Arrow-right Camera
The Spokesman-Review Newspaper
Spokane, Washington  Est. May 19, 1883

‘Columbo’ star Falk, 83, dies

Peter Falk, pictured in 2002, played Lt. Columbo for more than 30 years. (Associated Press)
Robert Lloyd Los Angeles Times

LOS ANGELES – Just one more thing.

Peter Falk, who family members said died Thursday at the age of 83, was an actor of great and invisible skill who played many parts over a five-decade career.

He had suffered in recent years with dementia and Alzheimer’s disease, his adopted daughter Catherine Falk told Los Angeles radio station KNX-AM.
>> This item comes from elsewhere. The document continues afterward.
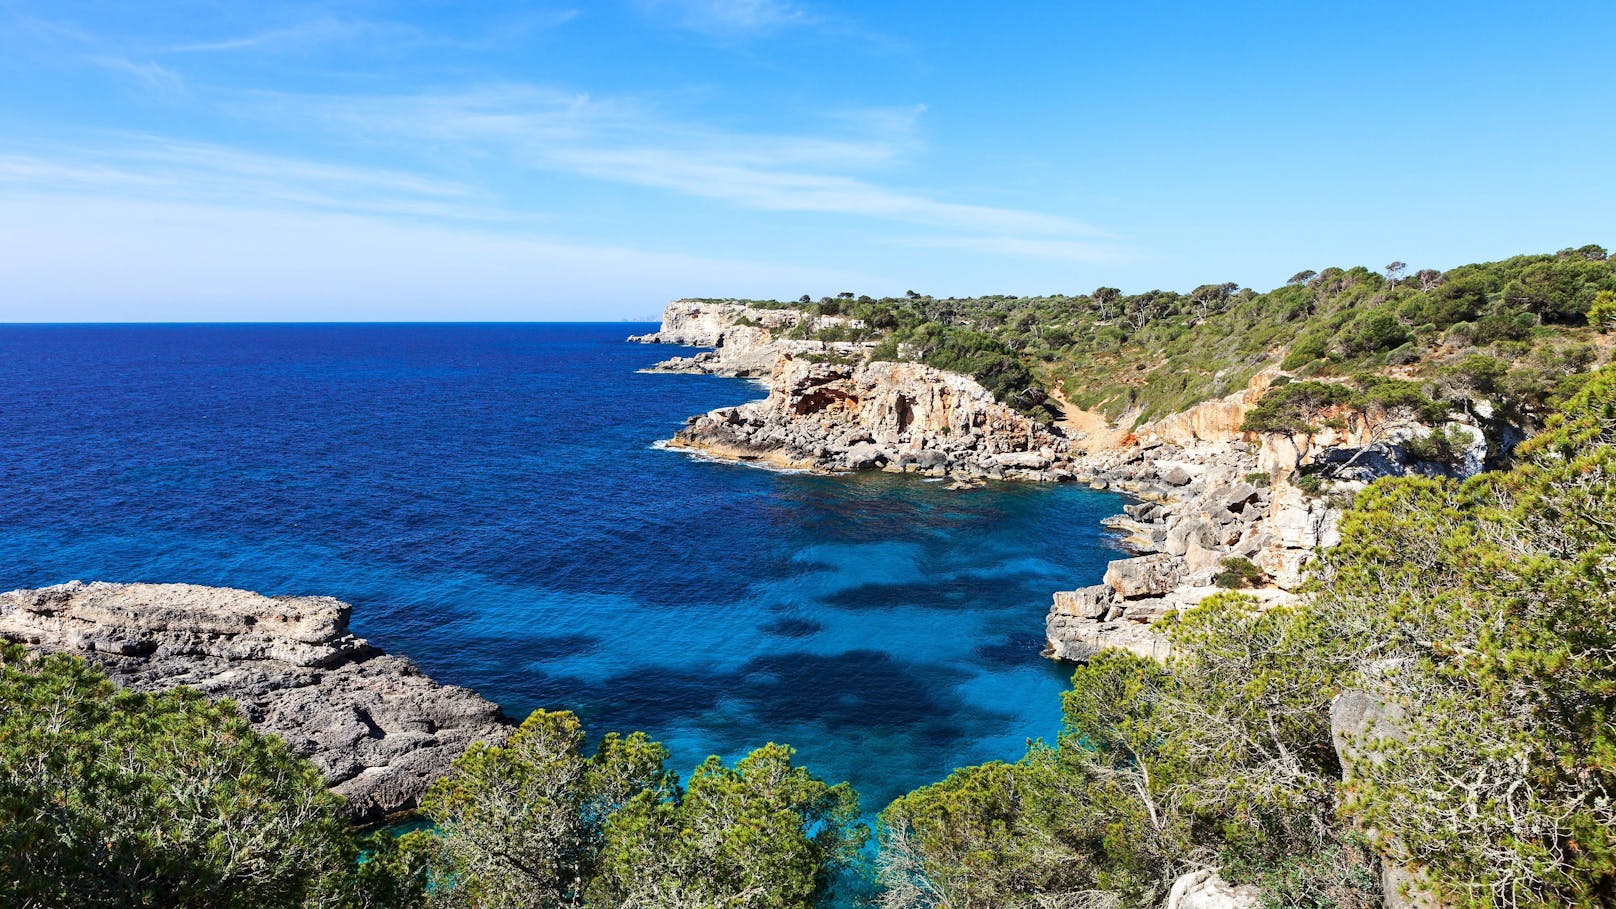 "Invasion" – Traum-Bucht auf Mallorca völlig überrannt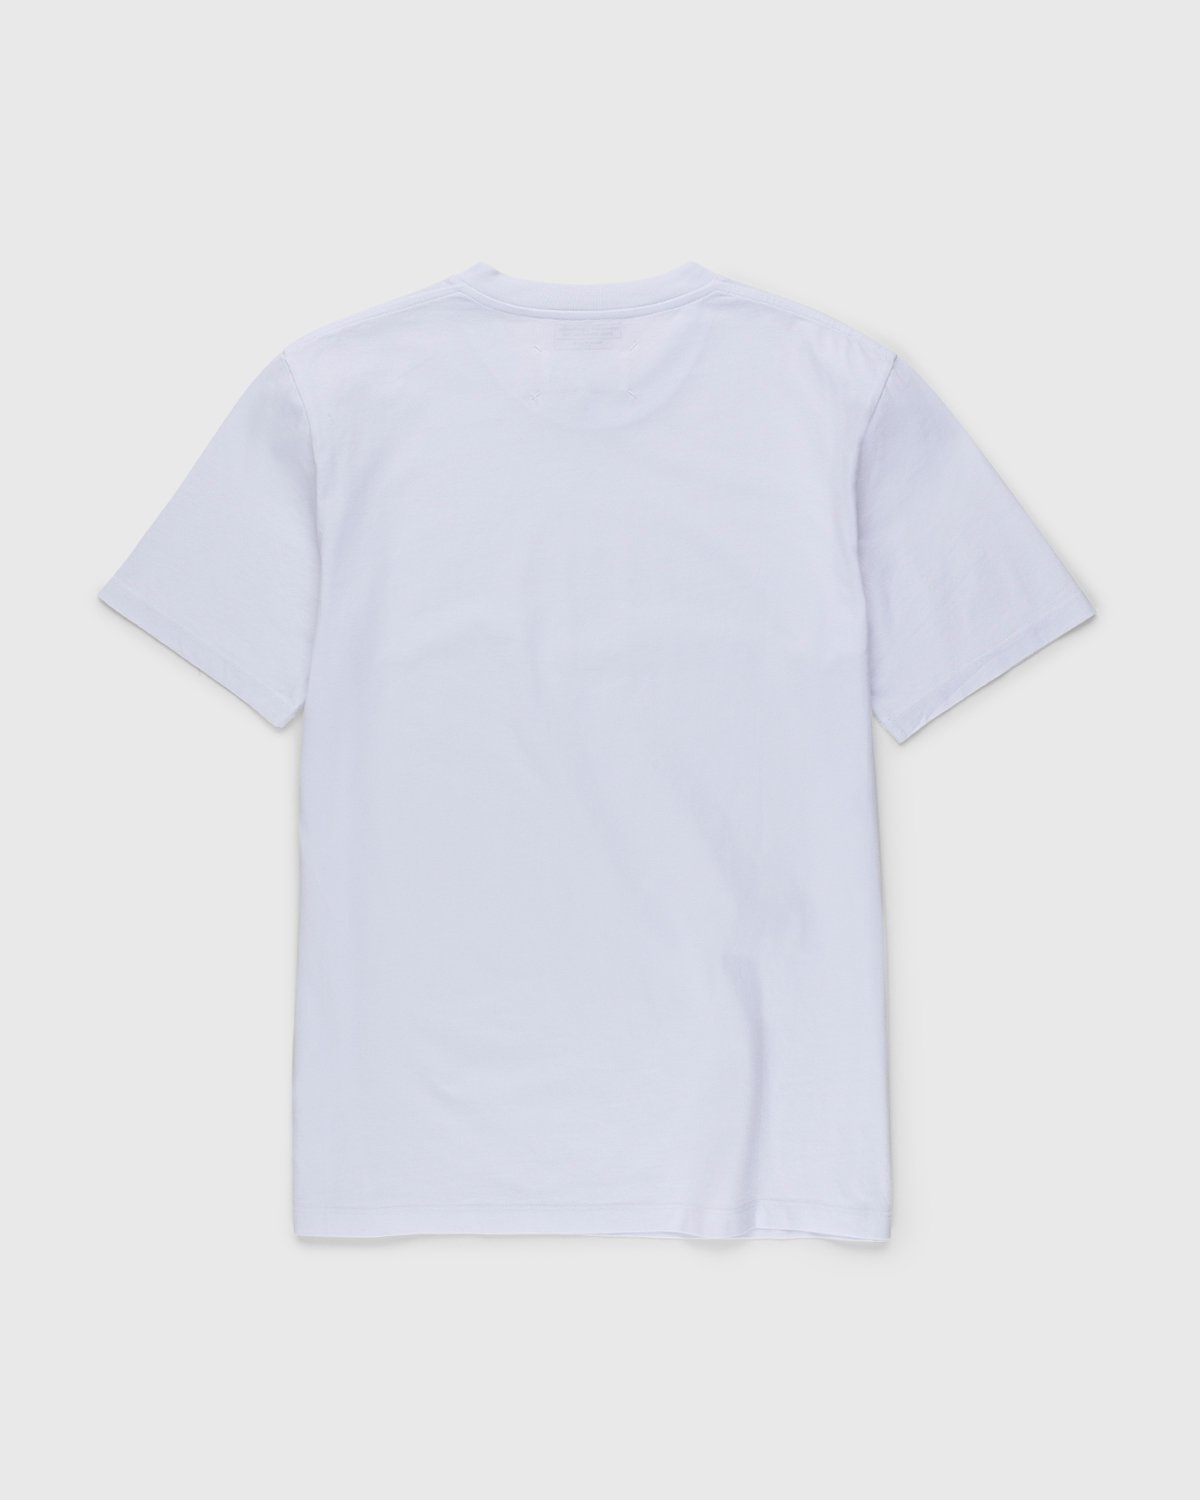 Maison Margiela – Shades of White T-Shirts 3 Pack Multi - Tops - White - Image 3

Falk was a late bloomer but quickly embraced the stage and screens big and little – by 1962, he had been Oscar-nominated twice, for gangsters respectively chilling and comical in “Murder, Inc.” and “Pocketful of Miracles,” and won an Obie playing Eugene O’Neill opposite Jason Robards. Later, he acted troublesome characters for director John Cassevetes in “Husbands” and “A Woman Under the Influence,” was brilliantly funny as a reckless CIA agent in “The In-Laws,” and narrated, grandfather-to-grandson, “The Princess Bride.”

But of all his roles, the one he played the longest will be the one longest remembered: Lt. Columbo, of “Columbo” – of all American television detectives certainly the greatest, and the greatest in a time of great television detectives including James Garner’s Jim Rockford and Telly Savalas’ Theo Kojak.

“Columbo,” which became a series in 1971 after a Falk-starring 1968 TV movie, was of course a team effort – it was a particularly well-written series, whose feature-length running time allowed for extraordinarily long scenes between the detective and the week’s guest killer – but television is in the end predominantly an art of personality, and episode after episode Falk was the product the show sold and the artist who sold the show. (He had in fact been preceded in the role, in one-off dramas and a stage play, by other actors.)

Columbo’s rumpled, broken-down aspect did not betoken world-weariness; the show, indeed, was a comedy – a comedy of human frailty in which the murderers were almost always people of means, substance and power.

Falk was on the face of it an unlikely hero: Old World ethnic (his people were Eastern European Jews), short of stature, with a glass eye and an impudently thick head of dark hair that finally went to gray – Falk’s last “Columbo” appeared in 2003, when the actor was 76, and he continued to act up until he began to suffer symptoms of dementia in 2007. But all these things worked ultimately to his advantage, making Falk seem not so much “relatable” as familial: a sort of beloved, room-brightening uncle.

It also accounts in part for the universality of his appeal – through “Columbo,” he was famous everywhere.